## [Prompt]
Give back, word for word, the lines in the listing below from the one holding "Premium Membership Club logo" down to the one holding "napisan spray igienizzante", both ends included.

--- Material shown Enclosed Below ---

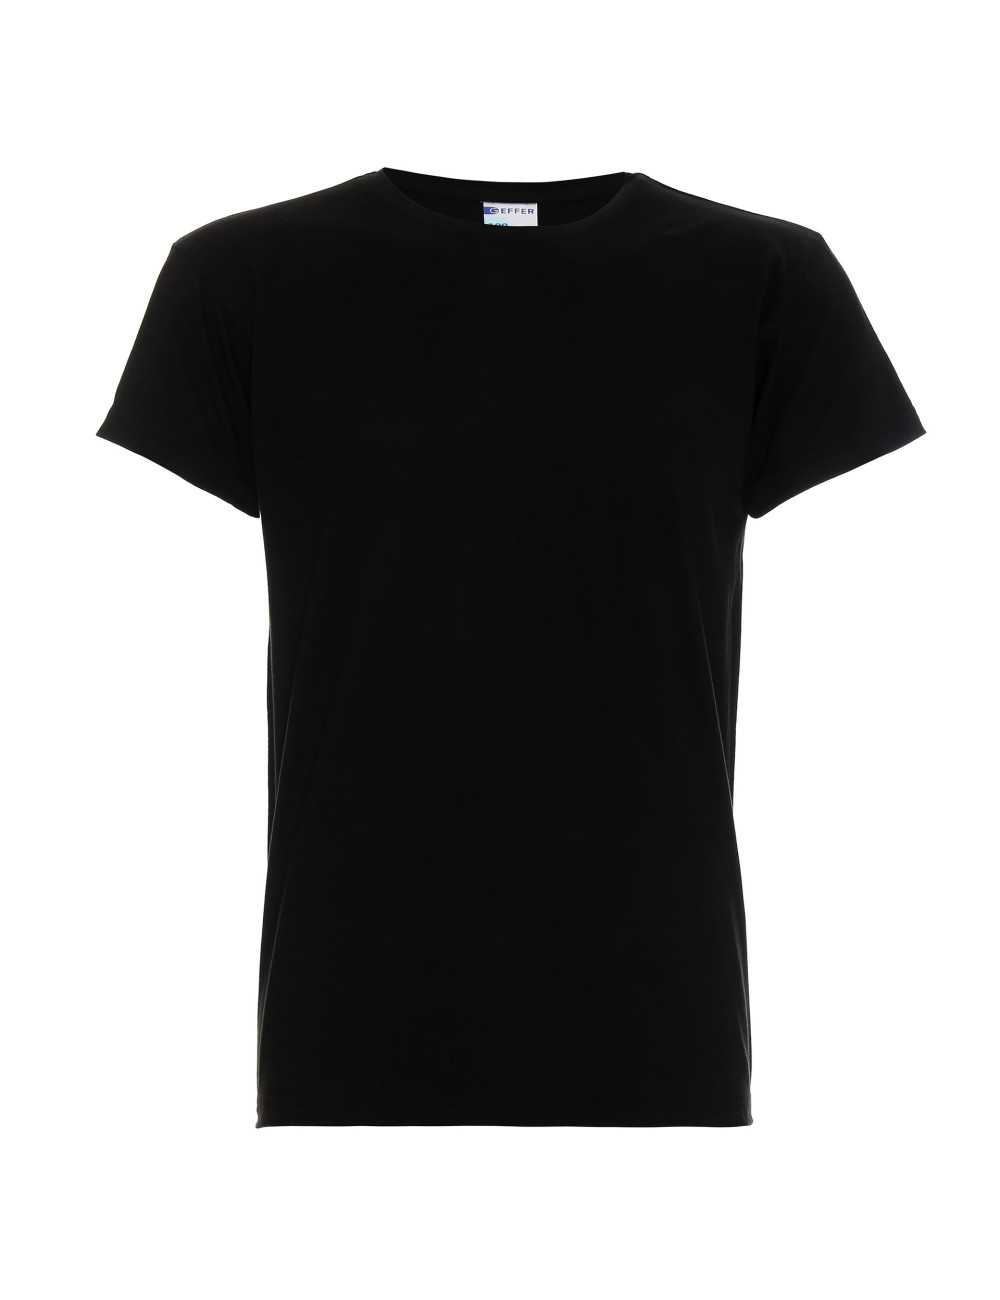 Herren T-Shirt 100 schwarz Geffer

--- End of Enclosed Material shown ---
--- Material shown Enclosed Below ---

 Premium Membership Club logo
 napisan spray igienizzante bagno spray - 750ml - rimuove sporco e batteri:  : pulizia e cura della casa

--- End of Enclosed Material shown ---

## [Result below]
 Premium Membership Club logo
 napisan spray igienizzante bagno spray - 750ml - rimuove sporco e batteri:  : pulizia e cura della casa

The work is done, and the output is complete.